First, I started with a simple diagram with 5 adjacent squares:

I noticed that when I calculated the total area, I could start a big rectangle, with base $5 + 4 + 3 + 2 + 1$ and height $5$ . Then I could subtract many smaller rectangles. I noticed that as I summed the total extra area in each individual row, they made consecutive triangular numbers. Now I knew I could generalize this.

$1^{2}$ + $2^{2}$ + $3^{2}$ + $4^{2}$ + … + $n^{2}$ was going to start with a rectangle with base $(1 + 2 + 3 + 4 + … + n)$ and height $n$ . From there, I could subtract triangular numbers starting with $(n - 1) + (n - 2) + (n - 3) … + 1)$ , added to $(n - 2) + (n - 3) + (n - 4)$ and so on. $(n - 1)$ = $k$ .

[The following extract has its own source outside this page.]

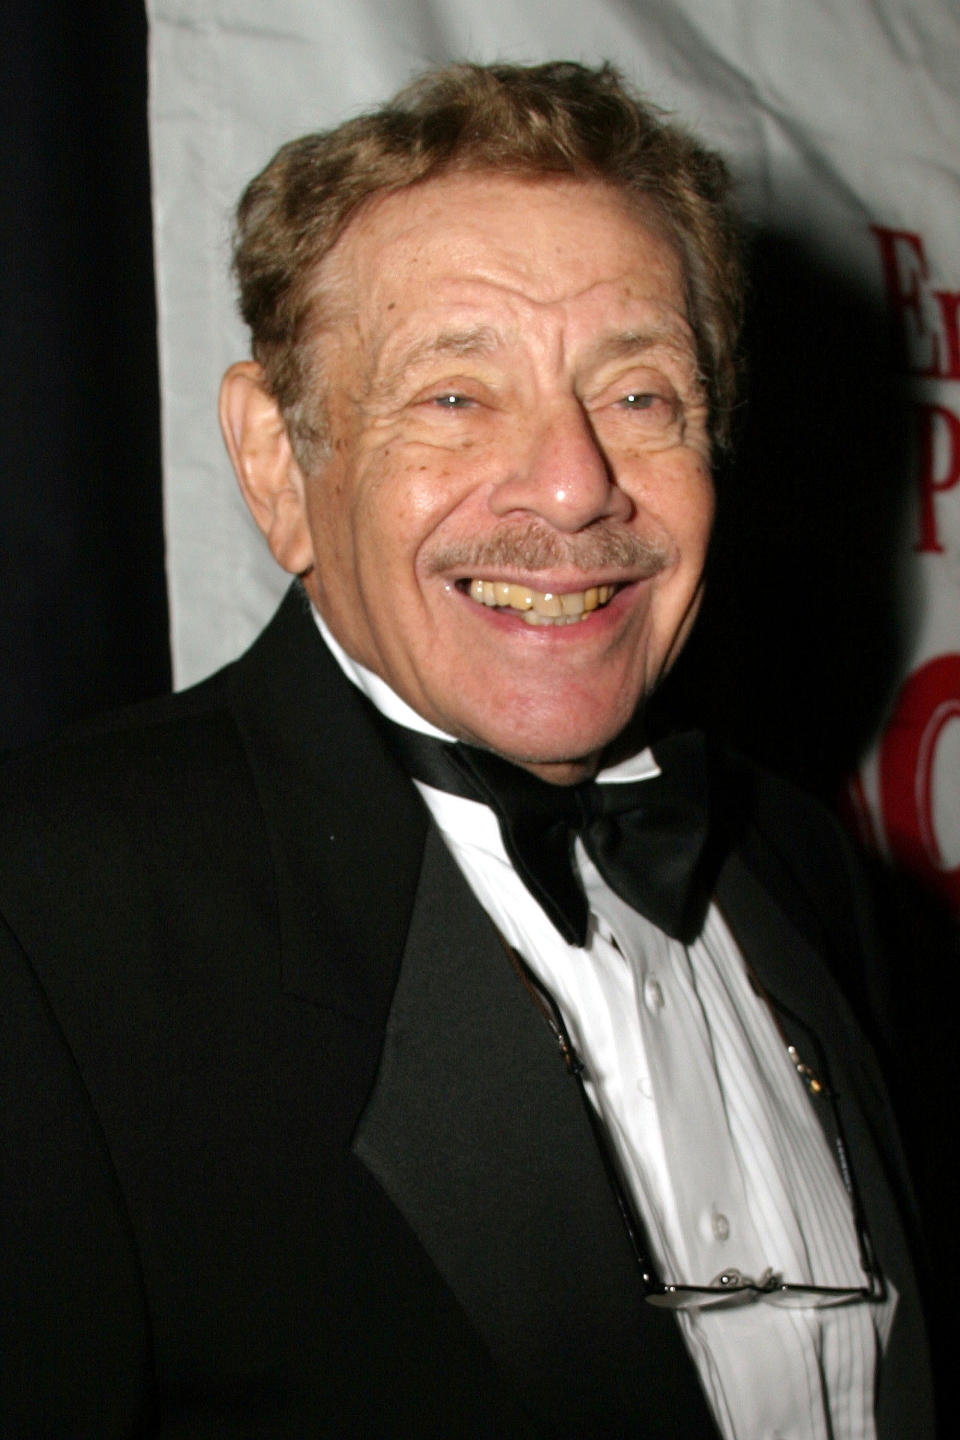 Actor Jerry Stiller arrives at the Actor's Fund Annual Gala Dinner and Tribute on Nov. 17, 2003, at Cipriani's Restaurant in New York City. (Photo by Sara Jaye/Getty Images)

The general formula for summation of triangular numbers from $1 \Rightarrow k$ is $\huge\frac{k \times {(k + 1)} \times {(k + 2)}}{6}$

So my overall formula was:

$\huge\frac{\color{#D61F06}{n^{2}} \color{#0C6AC7}{\times} \color{#20A900}{(n + 1)}}{\color{#EC7300}{2}} \color{teal}{-} \frac{\color{skyblue}{(n - 1)} \color{#0C6AC7}{\times} \color{hotpink}{(n + 1)} \color{#0C6AC7}{\times} \color{#69047E}{n}}{\color{#624F41}{6}}$

This can be simplified to the formula we know today:

$\huge \frac{n \times {(n + 1)} \times {(2n + 1)}}{6}$

Plug 3141 as $n$ , and we get 10334510871 .